Still, buying a smartwatch for children can hook them to technology early. When young people use a product, they tend to remain loyal to the brand as they grow up and become working professionals, analysts said.
Jon Desi and his wife recently used an Apple Watch SE as training wheels for a smartphone for their daughter, Catie, when she was 10. When she started playing outside more at the beginning of the pandemic, they couldn’t find an “old-style phone” so their daughter would have more freedom to venture around their neighborhood in Hunt Valley, Maryland, they said. They settled on the Apple Watch instead.
“We wanted to give her a way to communicate without giving her Pandora’s box at the age of 10,” Desi said.

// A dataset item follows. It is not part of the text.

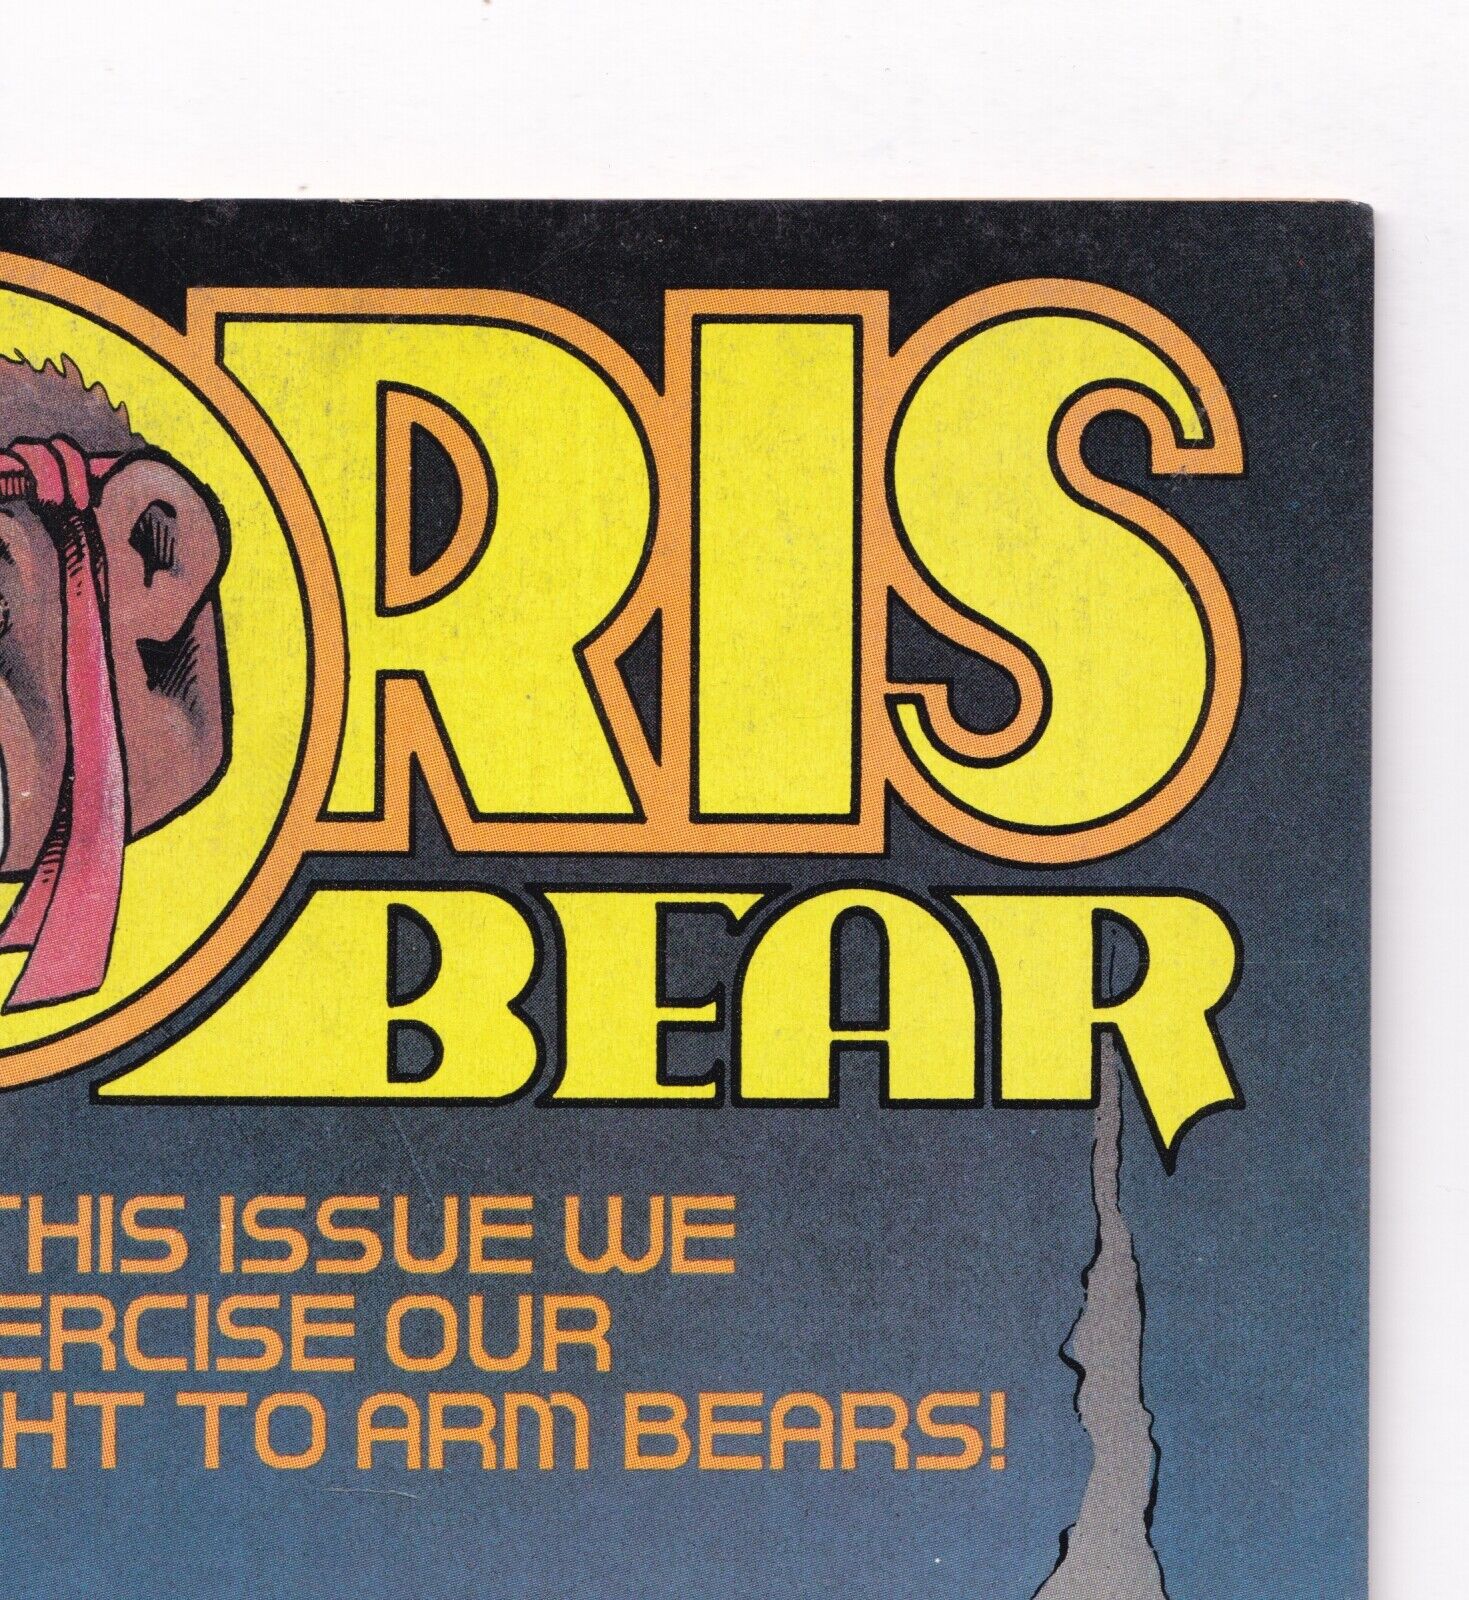 Boris The Bear #5 #10 (1986 Dark Horse) Some cover soiling tanning Без бренда - фотография #10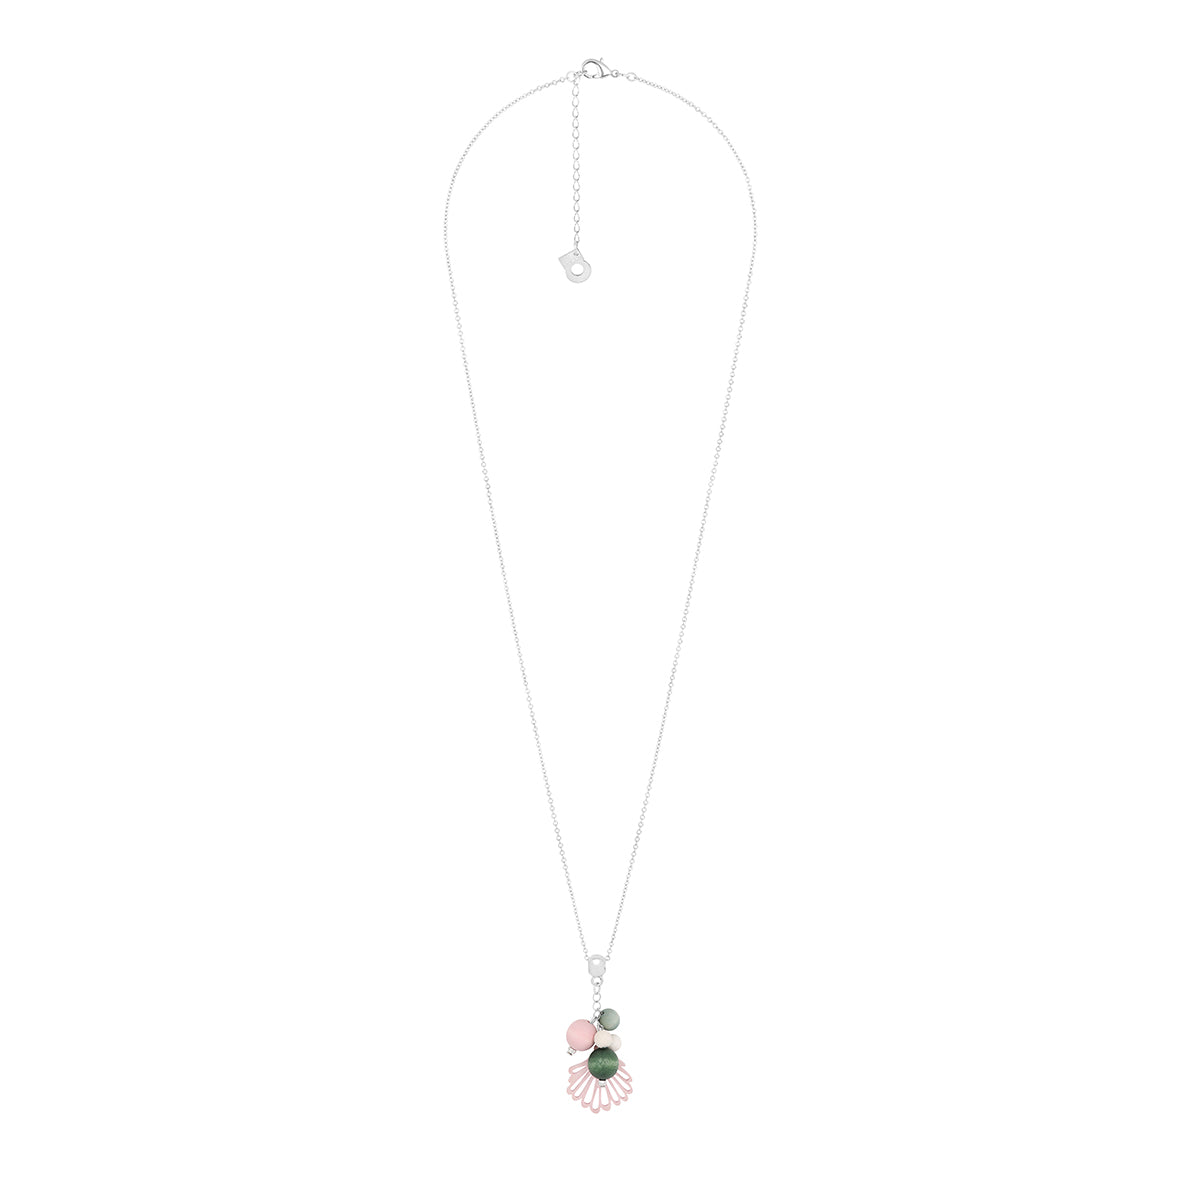 Simpukka pendant, green and pink

But the watch came with a stipulation: Catie had to charge it and wear it regularly, answer when they called and text back in a reasonable amount of time to receive a smartphone.
It became “the carrot to enforce responsible behaviors,” Desi said.
In July, he and his wife purchased an iPhone for Catie, now 11, and handed her Apple Watch down to their 10-year-old son, Tommy. When their 5-year-old daughter, Ellie, is older, they anticipate handing down the Apple Watch again.
“I had wanted it for a little while, and I was trying to earn it,” Tommy said. “It always looks cool when someone has it.”
A smartwatch is not a guaranteed delay to a cellphone. Todd Golub and his wife, who live in New York City, gave an Apple Watch SE to their son Ronan when he was 10, as he began exploring the city by himself. The watch was more difficult to break and lose than a phone, and Ronan used its mobile wallet to pay for food and public transit.
But last fall, they bought an iPhone for Ronan, now 12, when he entered middle school because all his schoolmates had smartphones. Golub, 49, said he would have preferred to introduce a smartphone at least a year later but worried his son would feel like he was missing out.
“Should I have pushed that out further? Yes,” he said. “But I remember being their age.”
Now Ronan often forgets to charge and wear the watch. The watch, Golub said, is “almost irrelevant.”